The core of the EGSE software is a C++ application running under Linux. It has a graphical user interface, based on the Qt toolkit. Support for specific hardware is implemented in separate modules, so called daemons, which run independent of the user interface. Additional components of the EGSE have been developed in Perl, Python, and IDL (Interactive Data Language). The EGSE is in redesign, in cooperation with industry, making more use of Qt and applying Google protocol buffers with more emphasis on Python scripting.

EGSE Features

  • Tele-Commanding (TC): There are two methods to command hardware through the EGSE. In the most straightforward case, the user manually sends parameters to any of the connected hardware devices by specifying the device, the parameter and the required value. The second, more advanced method is to run a Python script containing a predefined list of actions. Such a script can use all features of the Python language, including loops, if-then-else statements, and user interaction. A graphical interface can be built on top of the script, allowing users to choose parameters with just a click of the mouse.
  • Plotting: A plot window can be attached to device parameters in order to plot data from the device in real time. Alternatively, a running script can send data to a plot. Plots can be strip-charts, XY-plots, histograms, or even 3-dimensional plots.
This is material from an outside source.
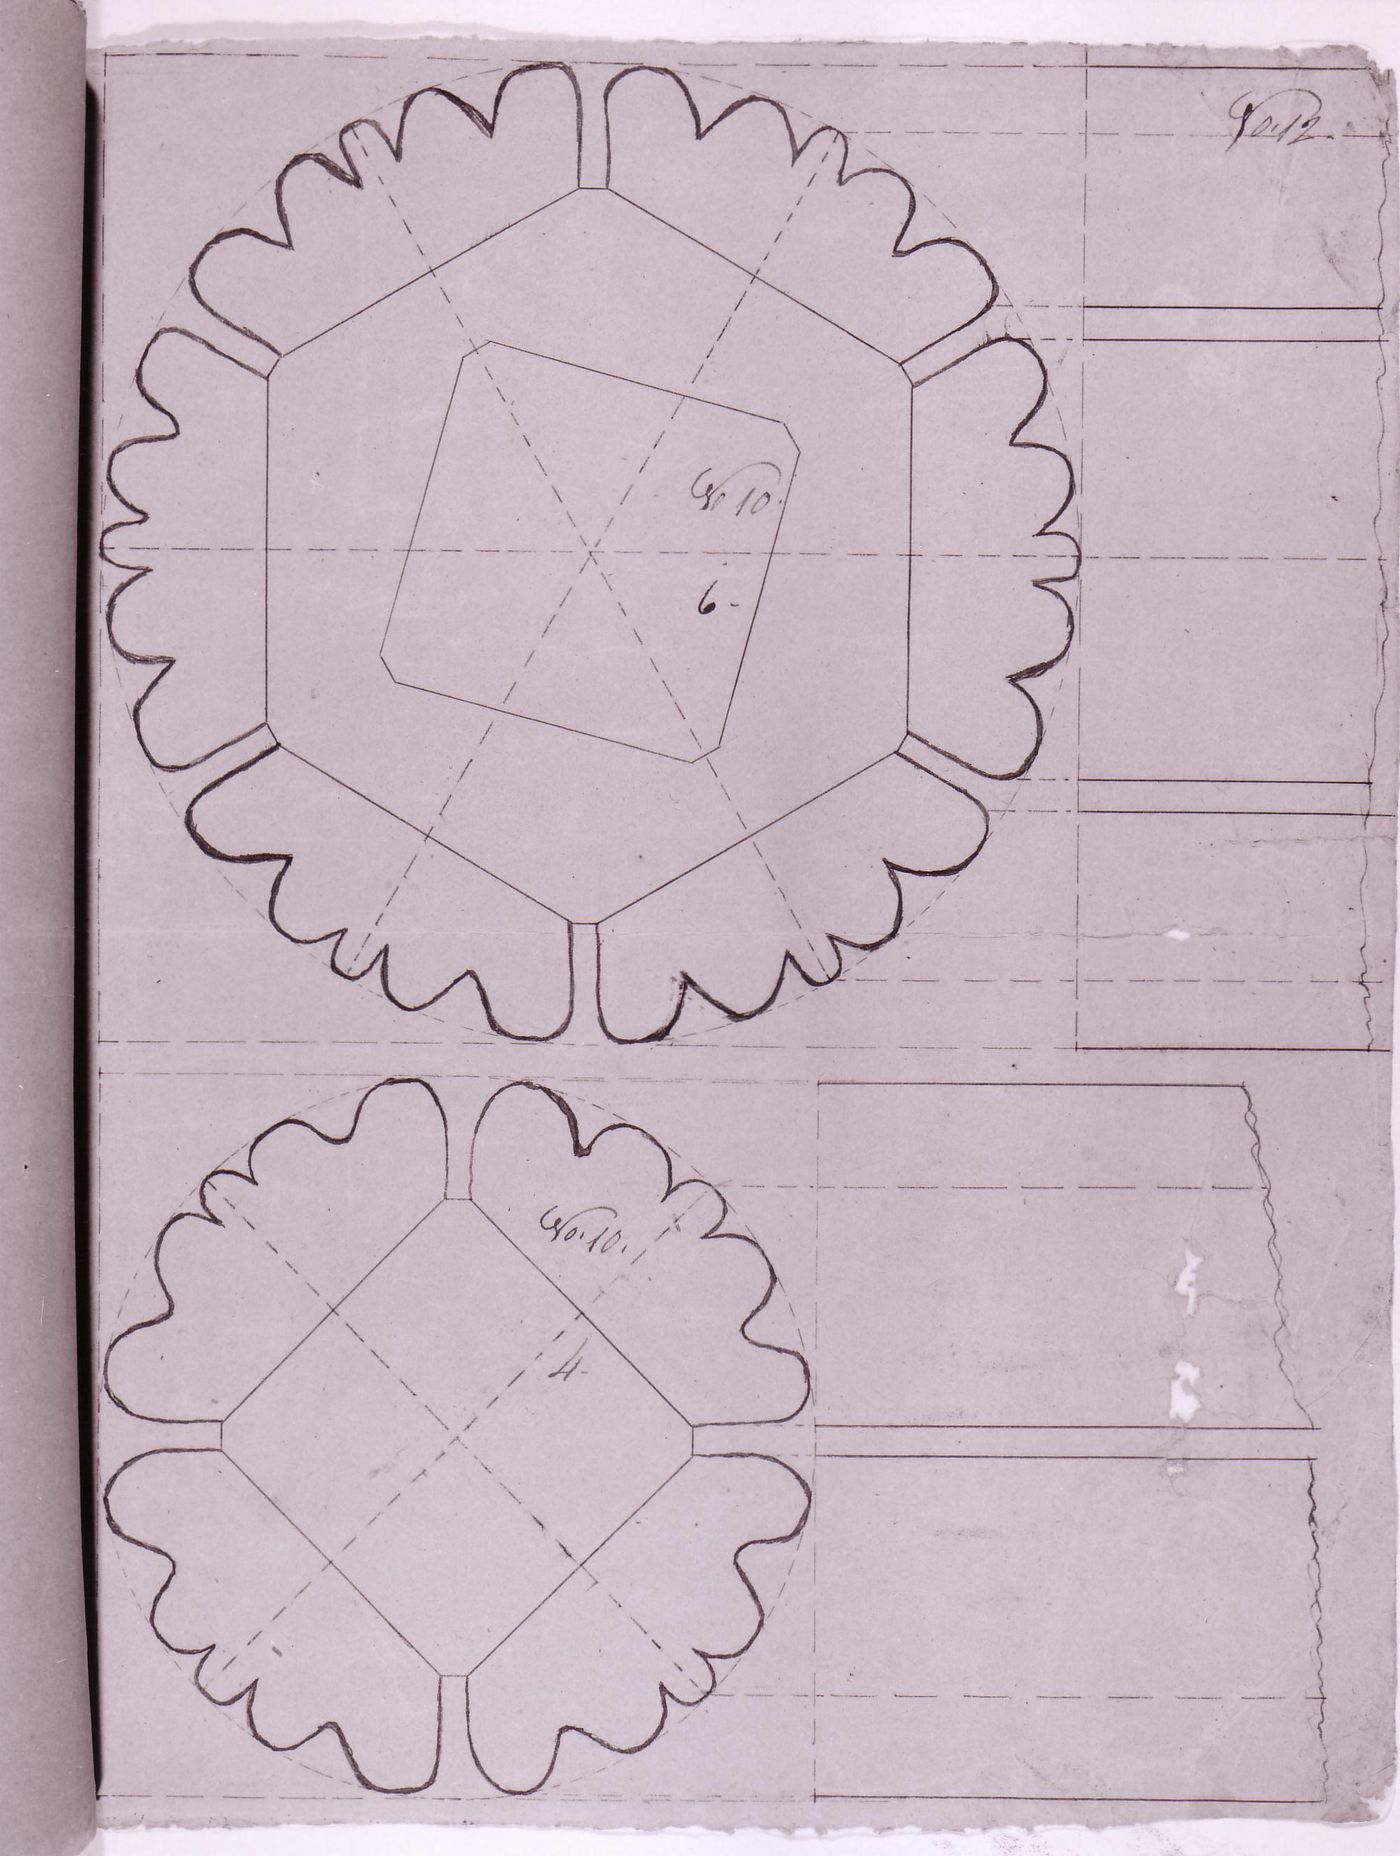 Plans and partial elevations for decorative details for the high altar for Notre-Dame de Montréal
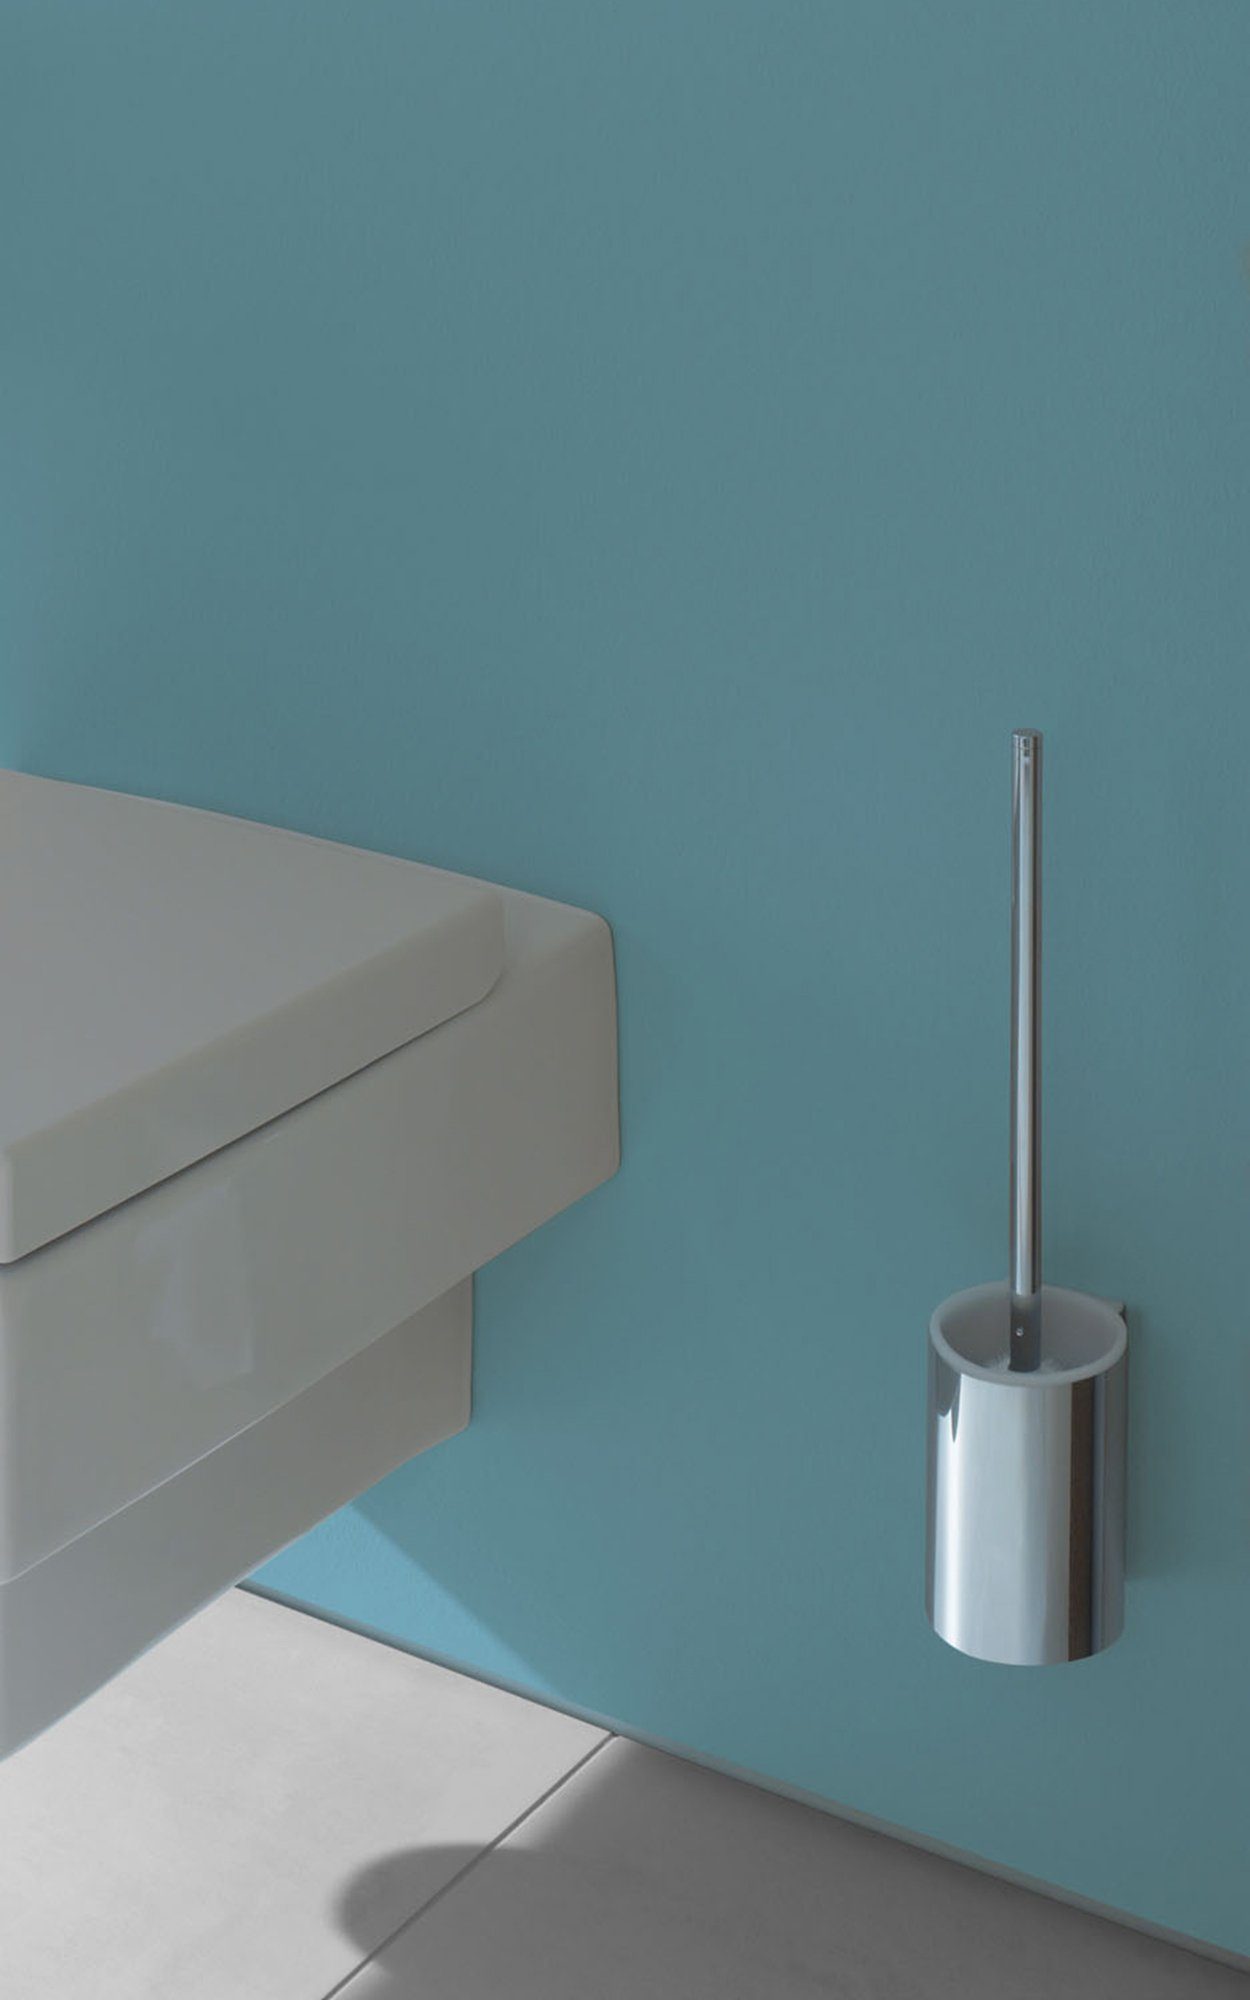 Metall, WC-Reinigungsbürste (Vormontiert), Toilettenbürstengarnitur aus chrom/weiß Plan, mit Keuco WC-Bürste

A curve-fitting feature is available which can, for example, immediately calculate the full-width half-maximum of a Gaussian histogram.
  • Housekeeping (Telemetry/TM): A housekeeping screen in the EGSE user interface presents a list of selected device parameters and their current values. Housekeeping items can be manually arranged for maximum viewability. Values in the housekeeping screen are periodically refreshed at a configurable rate. Safety limits may be assigned to each individual parameter. When a safetly limit is crossed, the EGSE gives a clear visual warning and optionally performs an automatic shutdown procedure to prevent damage to the equipment.
  • Online analysis: The generic EGSE supports advanced online analysis through Python, with aid of Numpy and Scipy. Incoming data are analyzed by a custom script which may for example apply Fourier transforms, data fitting or filtering.

Embedded software

Scientific instruments for space often contain an embedded system; a small computer built into the instrument. The software running on the embedded system is responsible for controlling the instrument while it flies on a satellite. Embedded software is useful not only for space missions, but also for laboratory setups. For example, if a very quick response to an input signal is required, there may not be enough time to transfer the signal to a normal PC. An embedded system can typically respond to input signals in real-time.

LEON3 and ARM9

SRON uses an embedded platform based on the LEON3 or ARM9 microprocessor. The LEON3 processor has been developed specifically for space applications. Both LEON3 and ARM9 are available as a soft-core: a VHDL model which can be programmed into an FPGA. Embedded software engineering poses a few specific challenges, such as limited CPU speed and limited memory. For example, LEON3-based systems typically run at approximately 80 MHz, while normal PCs run at 2 GHz or more. The development of embedded software is done with C++ and RTEMS. RTEMS is a real-time operating system for embedded systems.